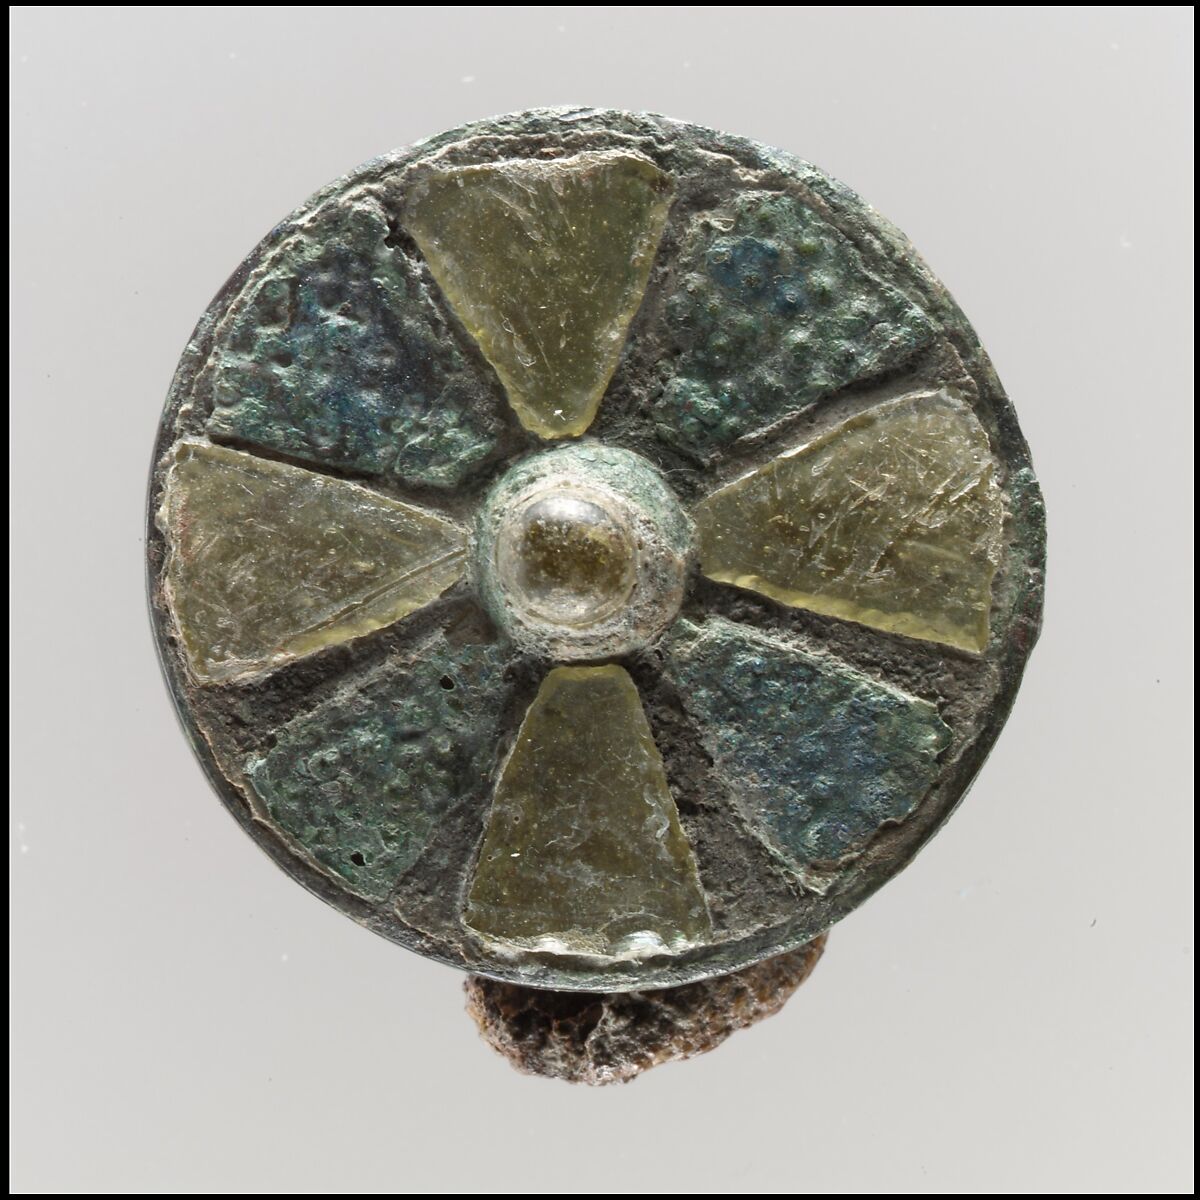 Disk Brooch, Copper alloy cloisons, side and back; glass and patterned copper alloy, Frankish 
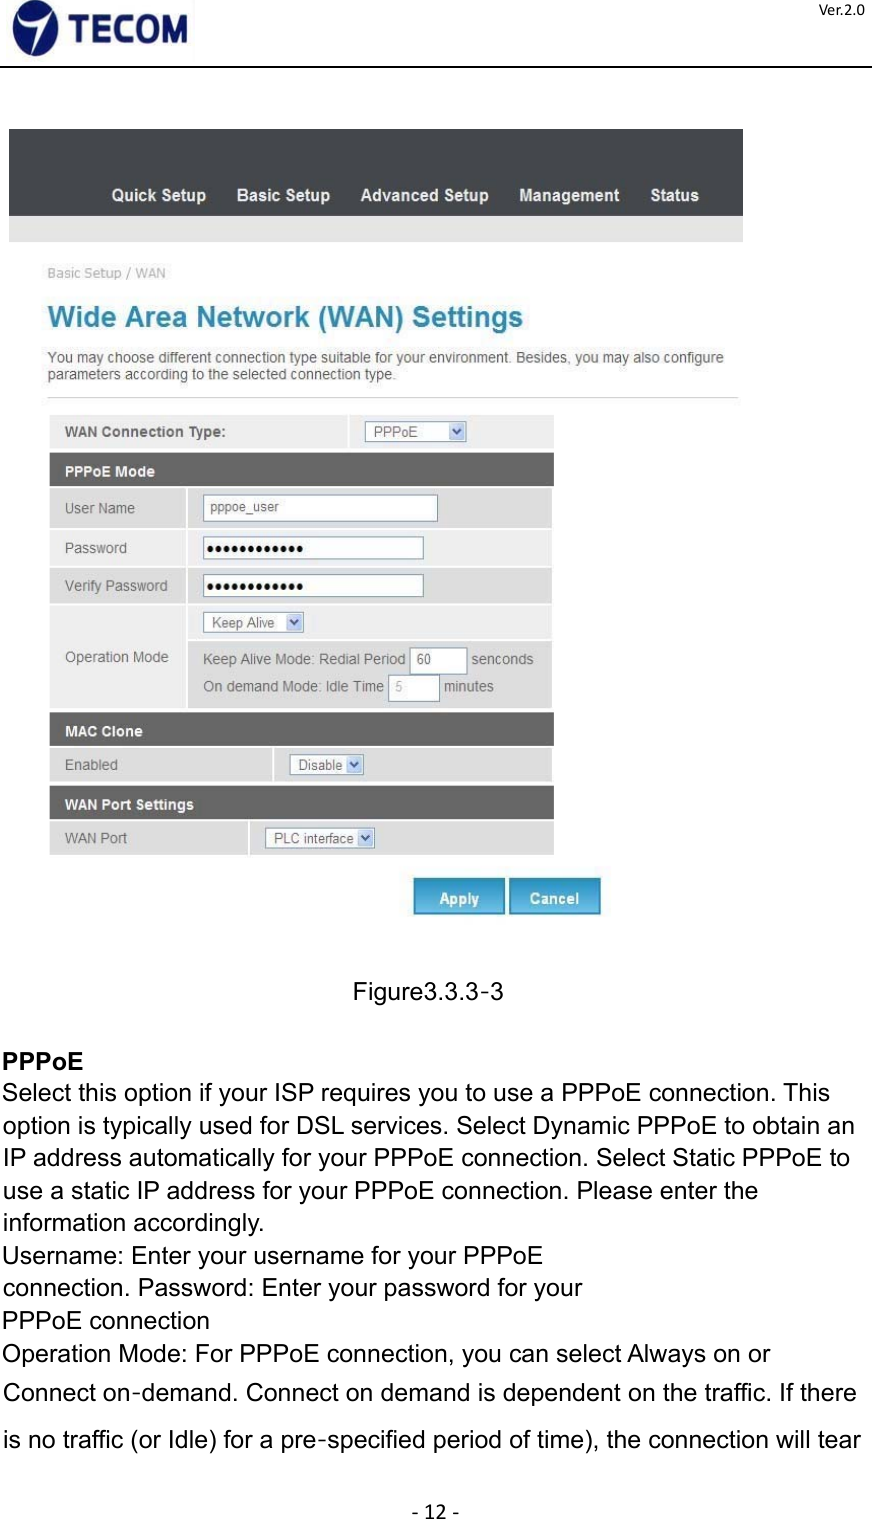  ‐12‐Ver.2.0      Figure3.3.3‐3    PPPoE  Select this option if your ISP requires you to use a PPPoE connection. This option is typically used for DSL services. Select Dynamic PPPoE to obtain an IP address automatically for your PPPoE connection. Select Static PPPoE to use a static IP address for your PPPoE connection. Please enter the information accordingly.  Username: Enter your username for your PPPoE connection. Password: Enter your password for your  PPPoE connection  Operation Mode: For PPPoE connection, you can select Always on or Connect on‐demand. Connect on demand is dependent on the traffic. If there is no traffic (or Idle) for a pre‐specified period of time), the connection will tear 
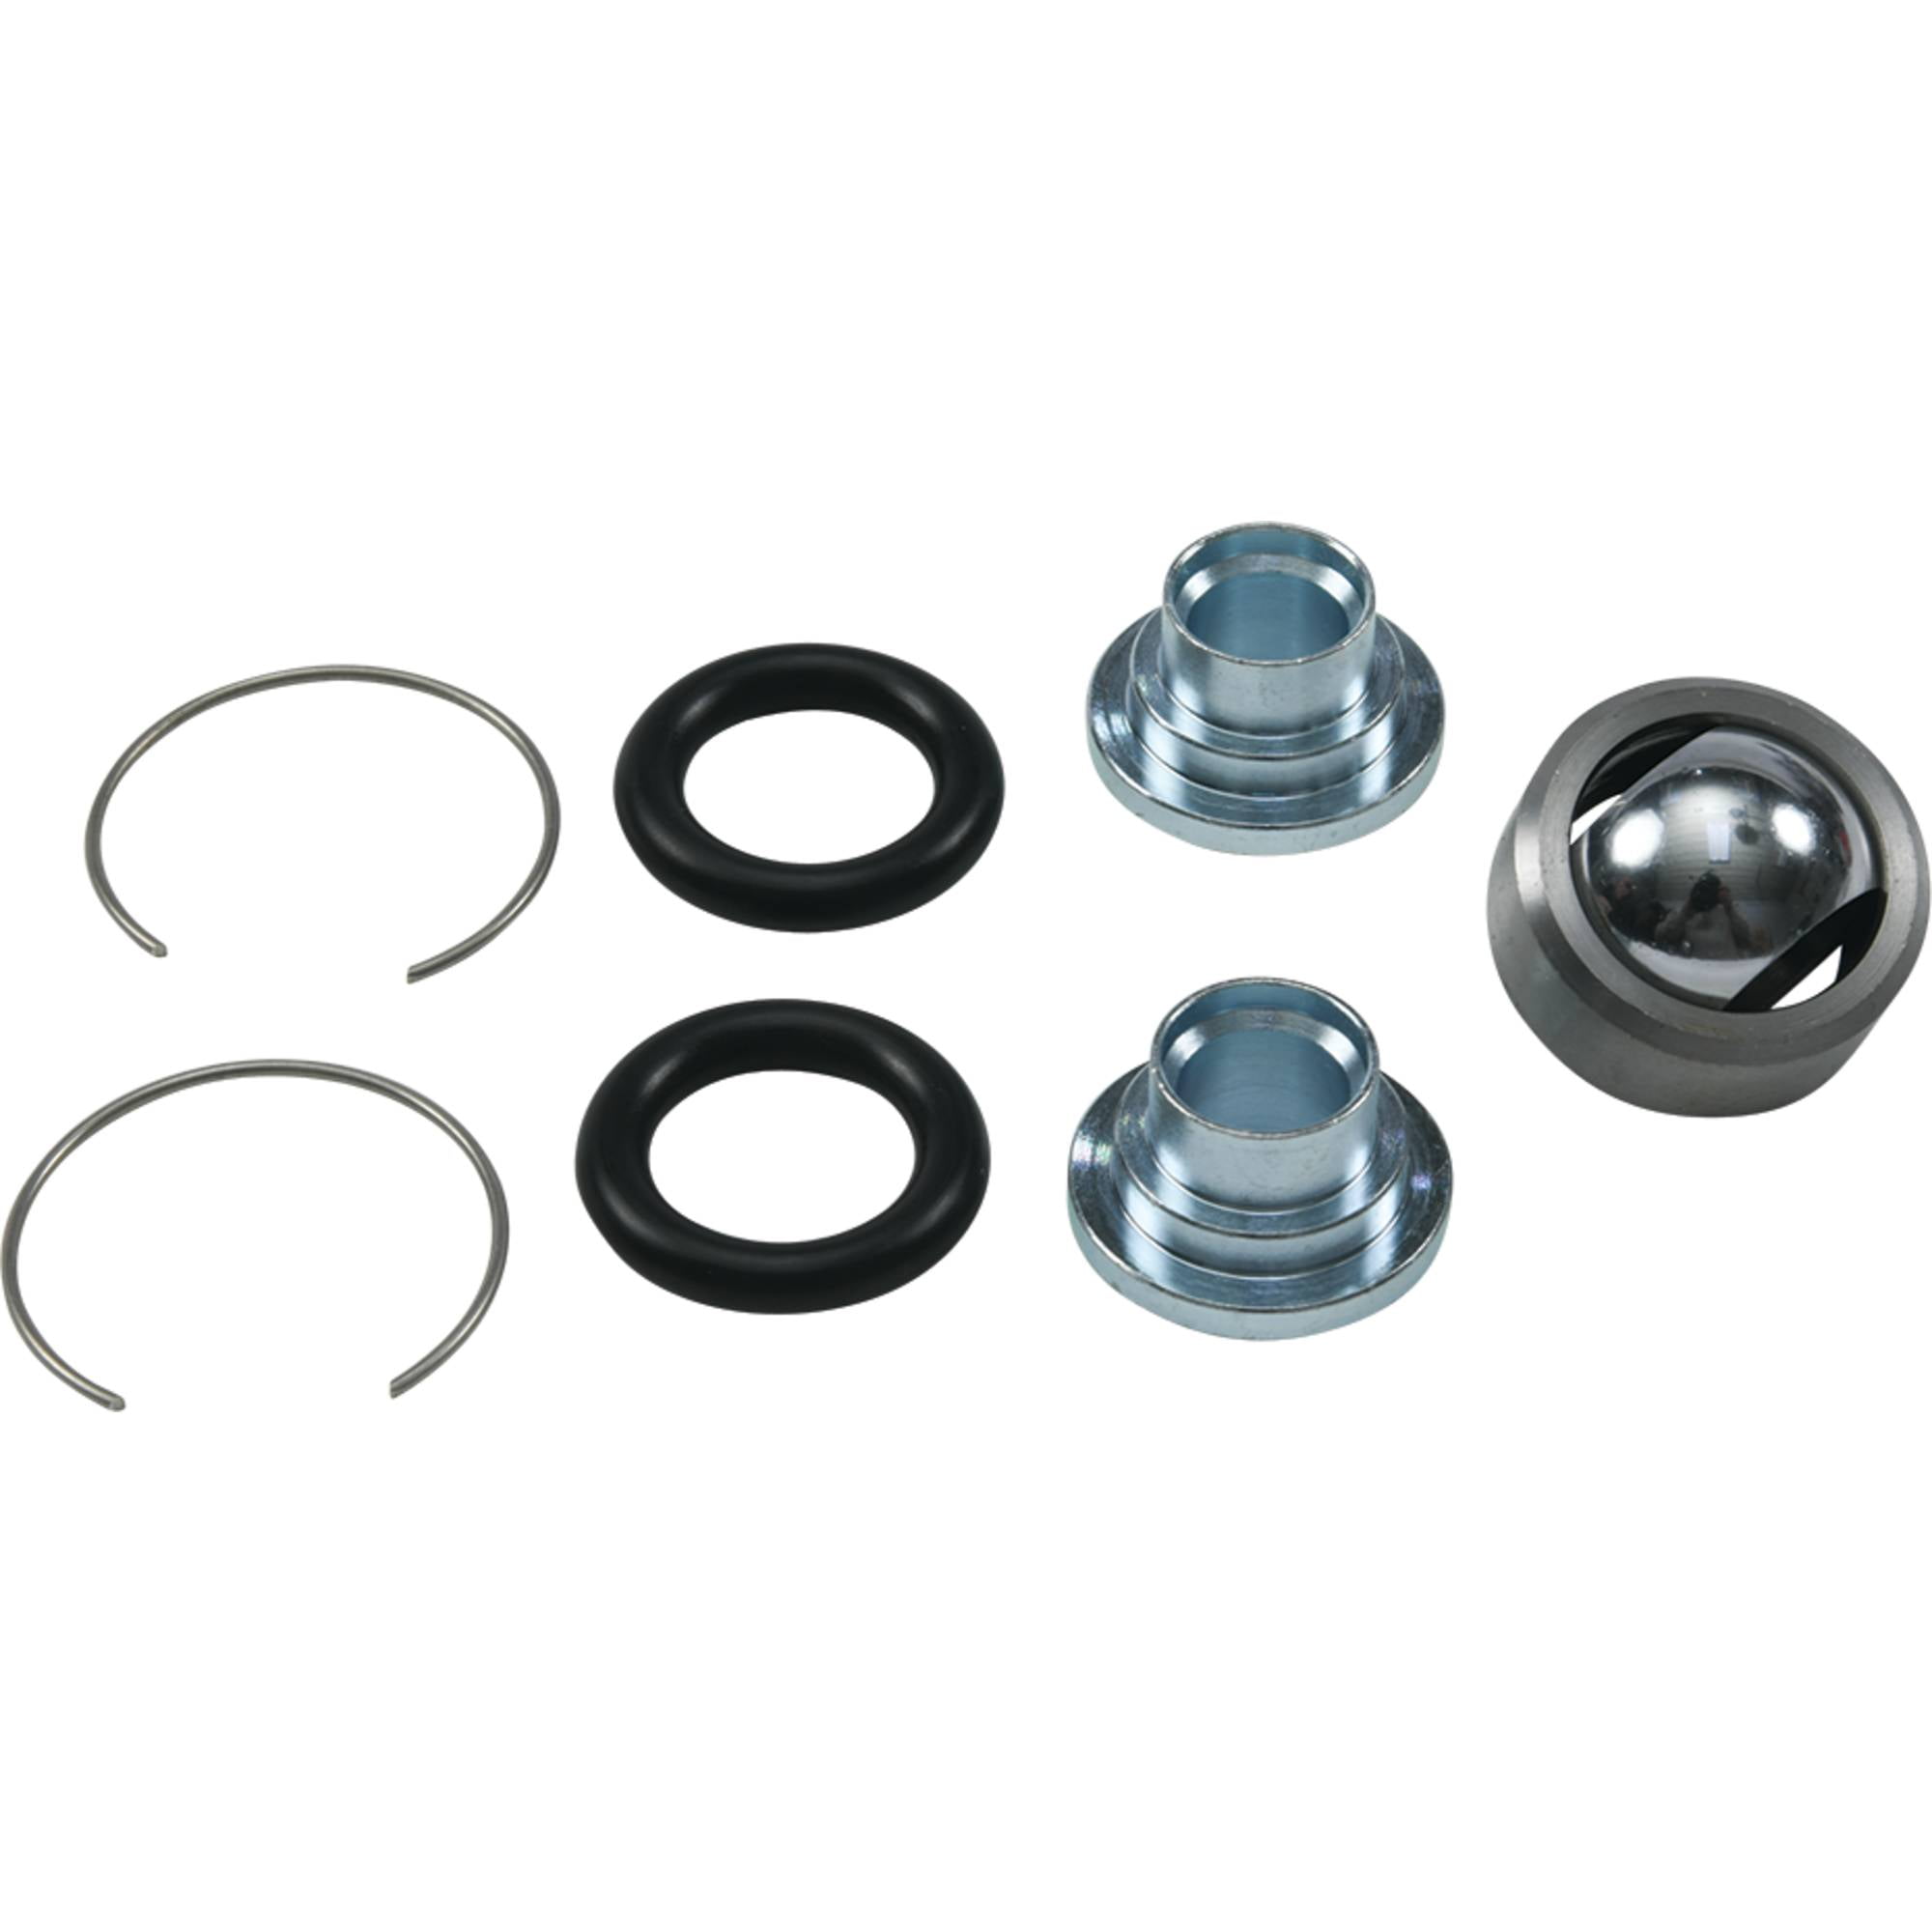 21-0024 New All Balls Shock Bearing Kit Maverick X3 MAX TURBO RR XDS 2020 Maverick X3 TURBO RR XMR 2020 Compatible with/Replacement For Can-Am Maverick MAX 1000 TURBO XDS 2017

* _TASK STATEMENT_: The answer should contain every line of the material exactly as written and no pictures.

* _EXERCISE ANSWER_:
 Disk Brooch, Copper alloy cloisons, side and back; glass and patterned copper alloy, Frankish 
  ‐12‐Ver.2.0      Figure3.3.3‐3    PPPoE  Select this option if your ISP requires you to use a PPPoE connection. This option is typically used for DSL services. Select Dynamic PPPoE to obtain an IP address automatically for your PPPoE connection. Select Static PPPoE to use a static IP address for your PPPoE connection. Please enter the information accordingly.  Username: Enter your username for your PPPoE connection. Password: Enter your password for your  PPPoE connection  Operation Mode: For PPPoE connection, you can select Always on or Connect on‐demand. Connect on demand is dependent on the traffic. If there is no traffic (or Idle) for a pre‐specified period of time), the connection will tear 
 21-0024 New All Balls Shock Bearing Kit Maverick X3 MAX TURBO RR XDS 2020 Maverick X3 TURBO RR XMR 2020 Compatible with/Replacement For Can-Am Maverick MAX 1000 TURBO XDS 2017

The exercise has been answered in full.